===== Records provided =====
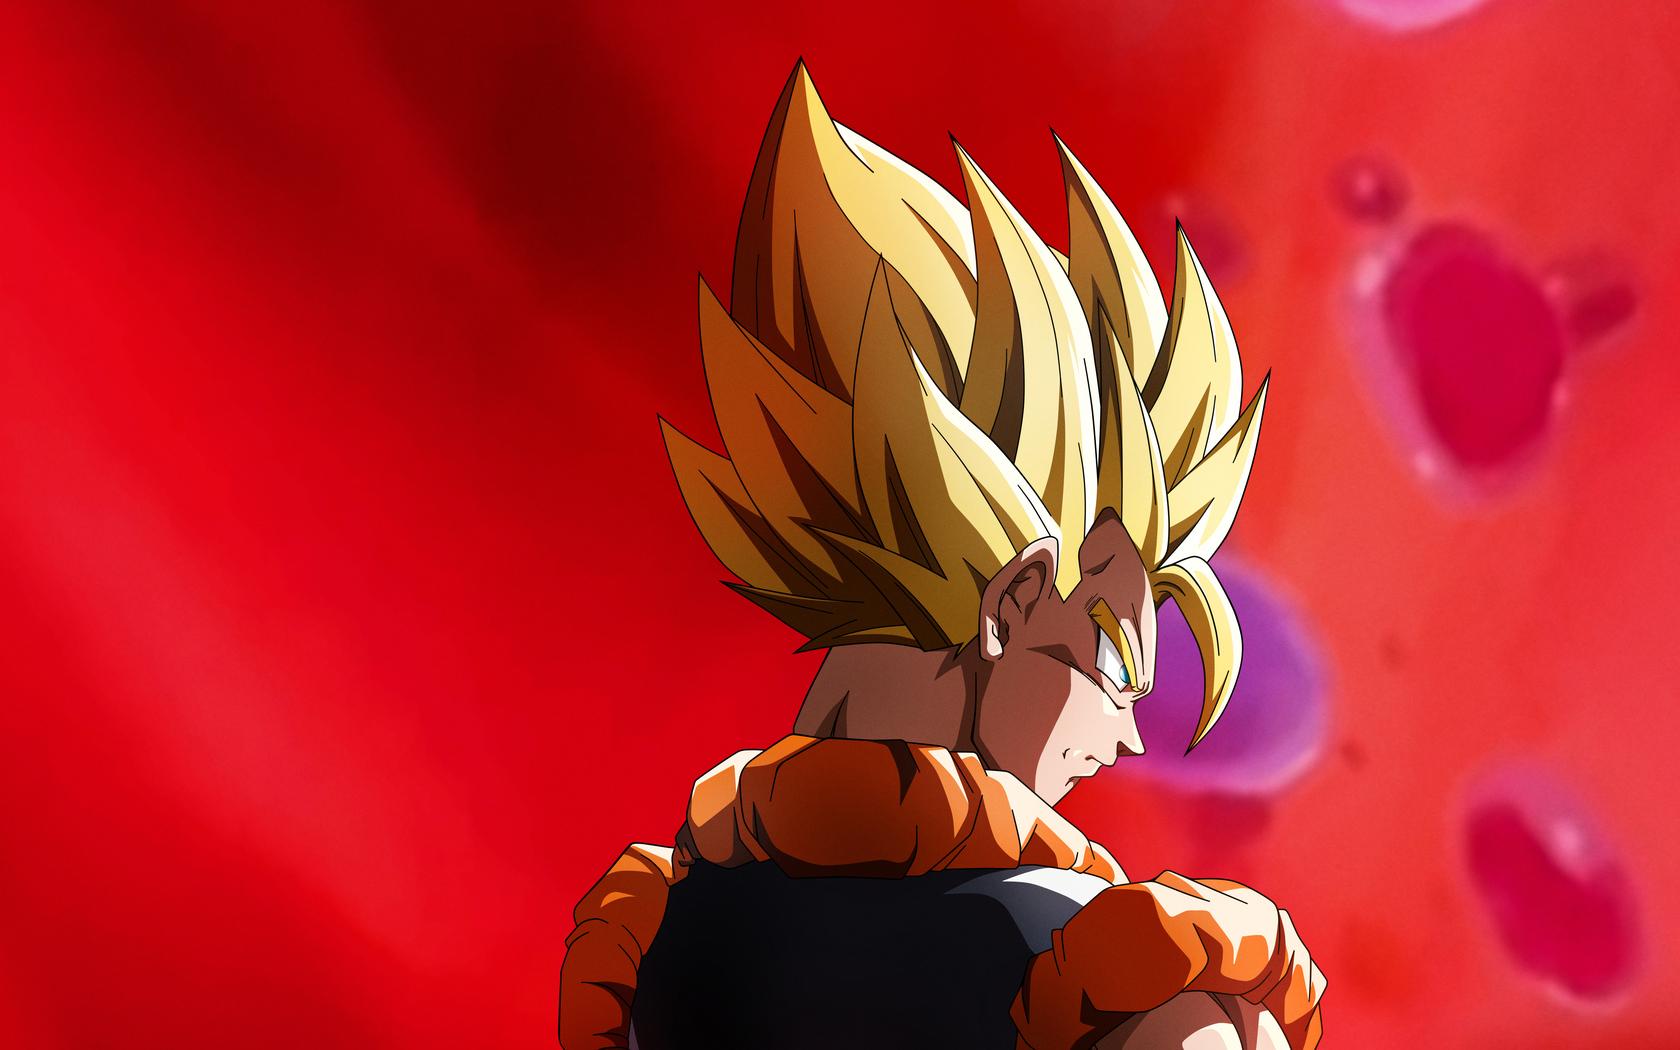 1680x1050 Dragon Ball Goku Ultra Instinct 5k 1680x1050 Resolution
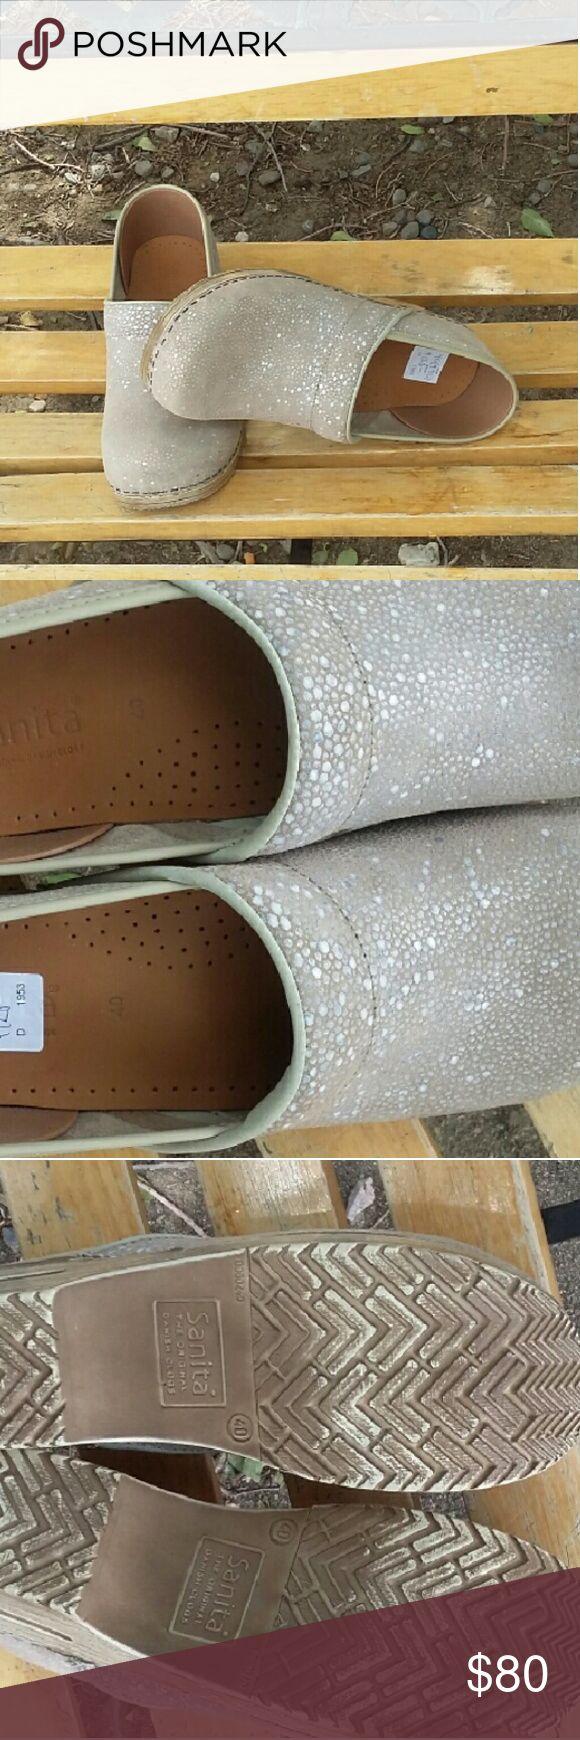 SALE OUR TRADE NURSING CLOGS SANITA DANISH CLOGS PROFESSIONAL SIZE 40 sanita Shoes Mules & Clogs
=====
===== Records provided =====
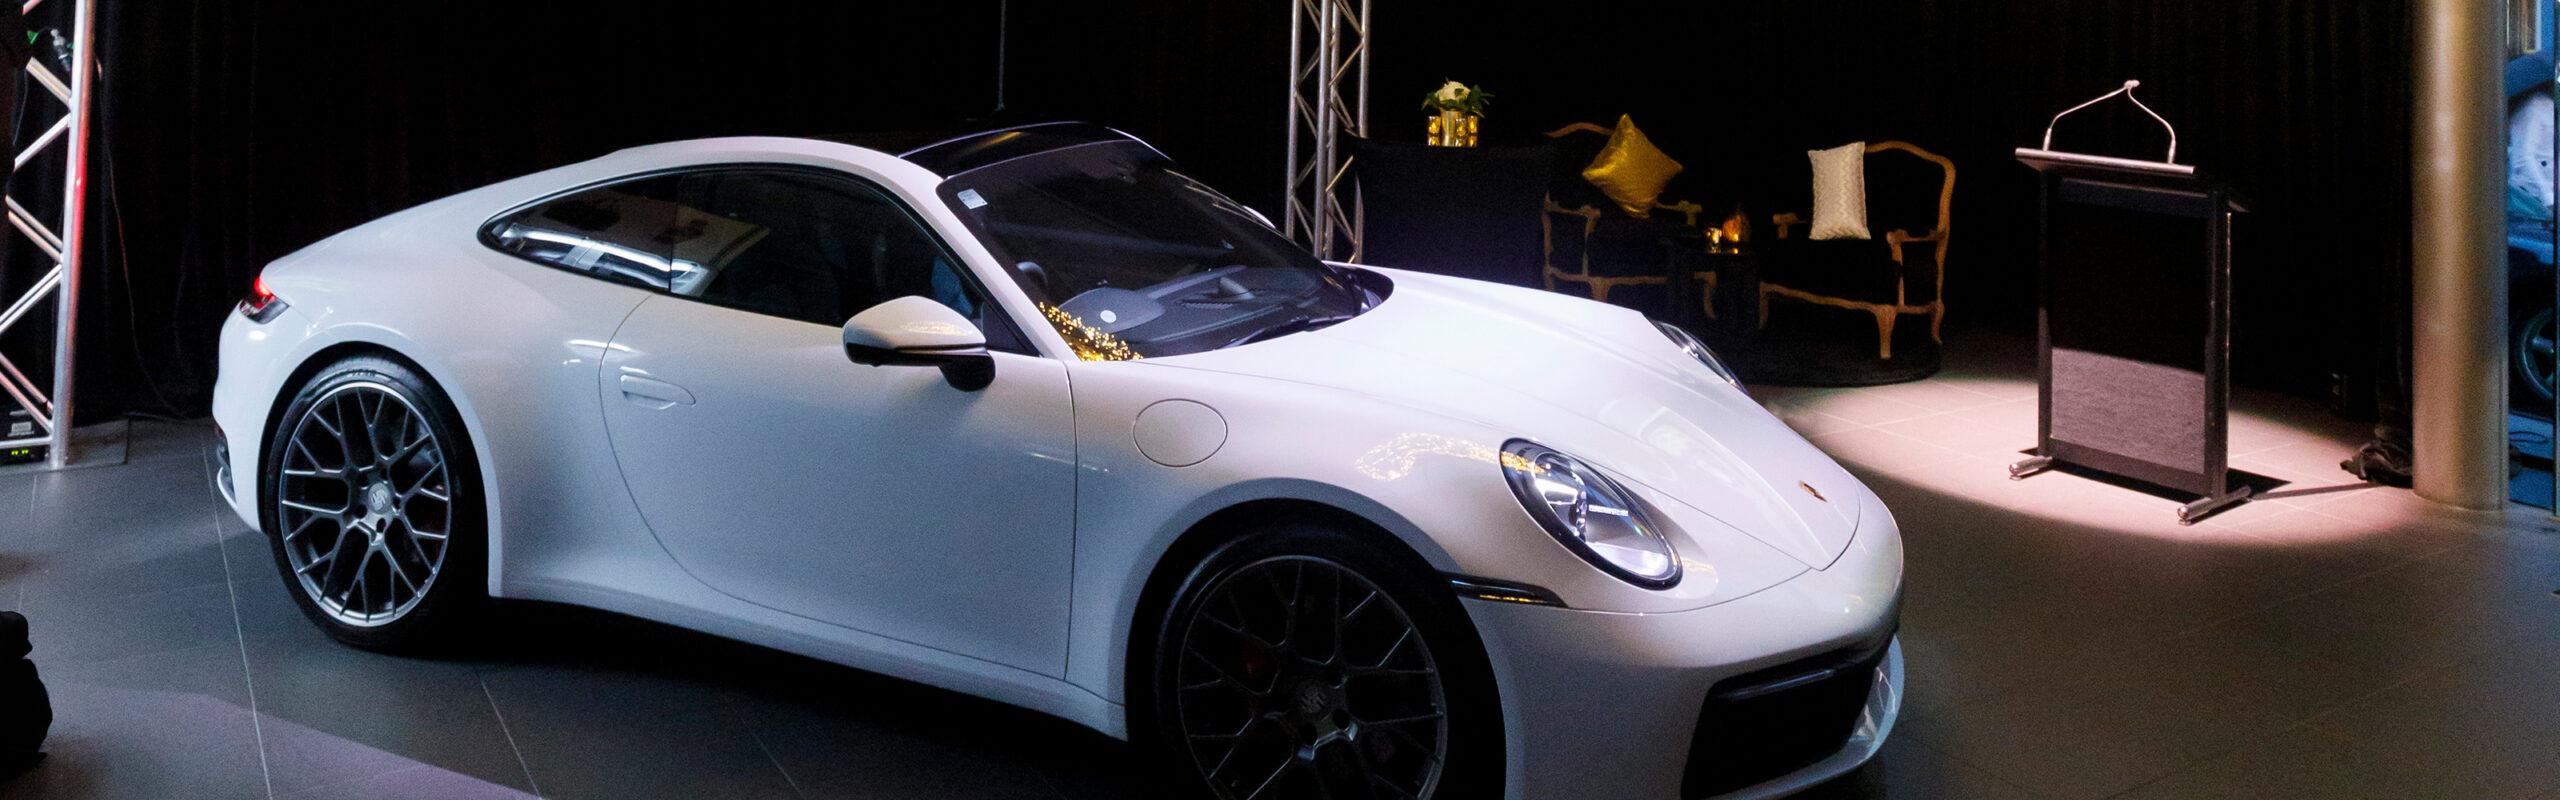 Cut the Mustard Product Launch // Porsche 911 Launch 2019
=====
* [Exercise objective]
Your answer should be the lines above, word for word, from the line with "1680x1050 Dragon Ball" through the line with "SALE OUR TRADE", minus the pictures.

* [Reply]
 1680x1050 Dragon Ball Goku Ultra Instinct 5k 1680x1050 Resolution
 SALE OUR TRADE NURSING CLOGS SANITA DANISH CLOGS PROFESSIONAL SIZE 40 sanita Shoes Mules & Clogs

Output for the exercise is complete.